Наконец настала очередь доктора Фрейда. Я относил знаменитого психиатра к разряду полуфигляров, поэтому решил немного с ним позабавиться. Ясмин разделяла мое мнение. Мы вдвоем сочинили для нее очень интересную историю болезни, которой она якобы страдала, и прохладным солнечным днем в два тридцать пополудни Ясмин отправилась в большой дом из серого камня на Берггассе, 19. В тот же вечер за бутылкой «Крюга», после того, как я заморозил соломинки, она подробно описала мне эту встречу.
— Странный тип, — поделилась она. — У него суровый вид и консервативный костюм, как у банкира.
— Он говорит по-английски?
— Неплохо, но с ужасным немецким акцентом. Он усадил меня напротив себя, и я тотчас предложила ему шоколад. Он взял его, как ягненок. Все-таки странно, Освальд, почему они без всяких возражений берут у меня конфету?
— Ничего странного, — возразил я. — Вполне естественная реакция. Если бы мне предложила шоколадку хорошенькая девушка, я бы тоже не отказался.
— Он довольно волосатый, — продолжала Ясмин. — Носит усы и густую остроконечную седую бороду, которую, судя по всему, регулярно подравнивает ножницами. Еще он подрезает волосы вокруг рта, и щетина как бы обрамляет его губы. Губы — вот что прежде всего бросилось мне в глаза. У него очень необычные и полные губы. Они кажутся искусственными, как будто поверх настоящих губ наложили резиновые.
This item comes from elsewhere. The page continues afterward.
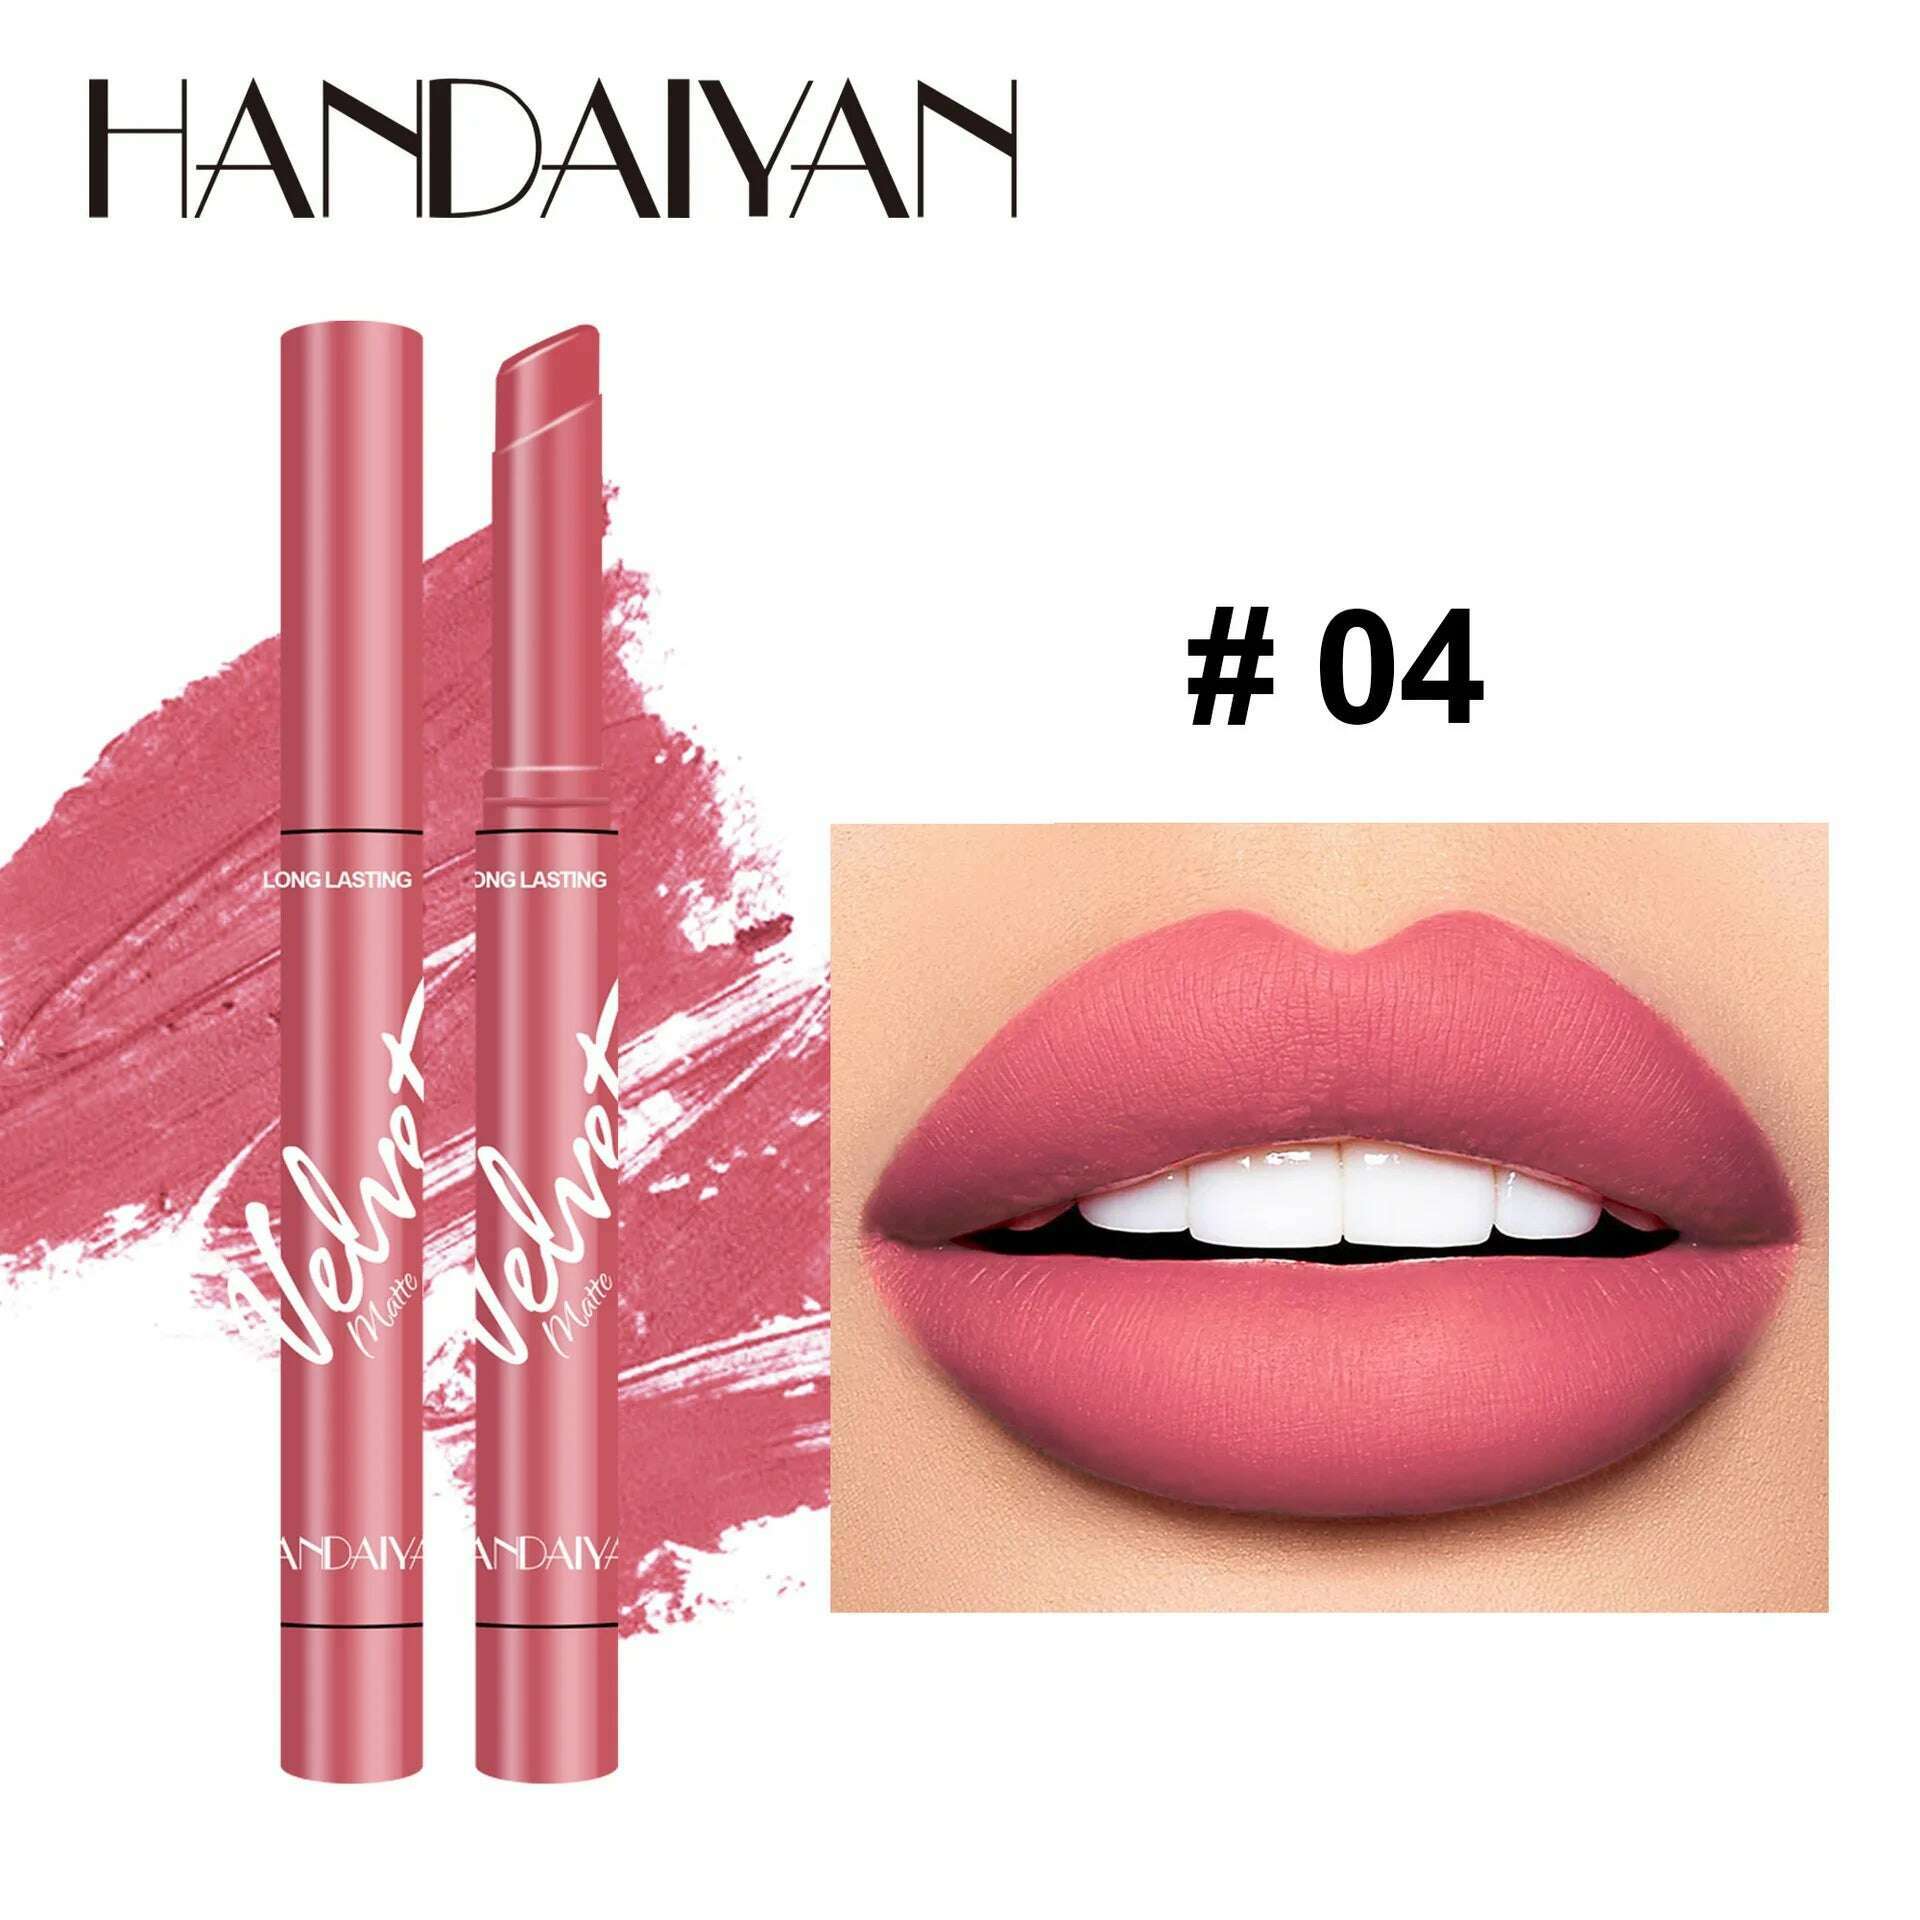 KIMLUD, Handaiyan 8 Colors Matte Waterproof Velvet Nude Lipstick Pink Red Sexy Lip Matt Long Lasting Pigments Makeup, 04, KIMLUD Women's Clothes

«Итак, фройляйн, — сказал он, разжевывая шоколадку, — что у вас за срочная проблема?»
«О, доктор Фрейд, надеюсь, вы мне поможете! — воскликнула я, тотчас входя в роль. — Могу я говорить откровенно?»
«Для этого вы здесь, — заявил он. — Ложитесь на кушетку, пожалуйста, и просто говорите».
— Я улеглась на эту чертову кушетку, Освальд, и тут мне пришло в голову, что я, возможно, впервые заняла удобное положение еще до начала представления.
— Я понял, о чем ты говоришь.
— Так вот. «Со мной происходит что-то ужасное, доктор Фрейд! — пожаловалась я ему. — Что-то совершенно ужасное и шокирующее!»
«Что такое?» — оживился он. Очевидно, ему доставляло огромное удовольствие выслушивать ужасные и шокирующие вещи.
«Вы не поверите, — сказала я, — но стоит мне провести рядом с мужчиной больше нескольких минут, как он сразу пытается меня изнасиловать! Он превращается в дикое животное! Срывает с меня одежду! Обнажает свой орган… я правильно выражаюсь?»
«Это слово ничуть не хуже других, — сказал он, — Продолжайте, фройляйн».
«Он набрасывается на меня! — чуть не плакала я. — Опрокидывает меня! Наслаждается мной! Каждый мужчина, который попадается мне на пути, проделывает со мной эти вещи, мистер Фрейд! Вы должны мне помочь! Меня насилуют чуть ли не ежедневно!»
«Милая леди, — ответил он, — ваш случай не редкость. Такие фантазии очень часто встречаются у некоторых типов истерических женщин. Эти женщины панически боятся иметь физические отношения с мужчинами. В действительности же они мечтают с головой окунуться в сексуальные игры и наслаждения, но боятся последствий. Поэтому они фантазируют, воображая себя жертвой изнасилования. А на самом деле ничего не происходит, все они девственницы».
«Нет, нет! — закричала я, — Вы ошибаетесь, доктор Фрейд! Я не девственница! Меня насиловали больше, чем всех остальных девушек в мире!»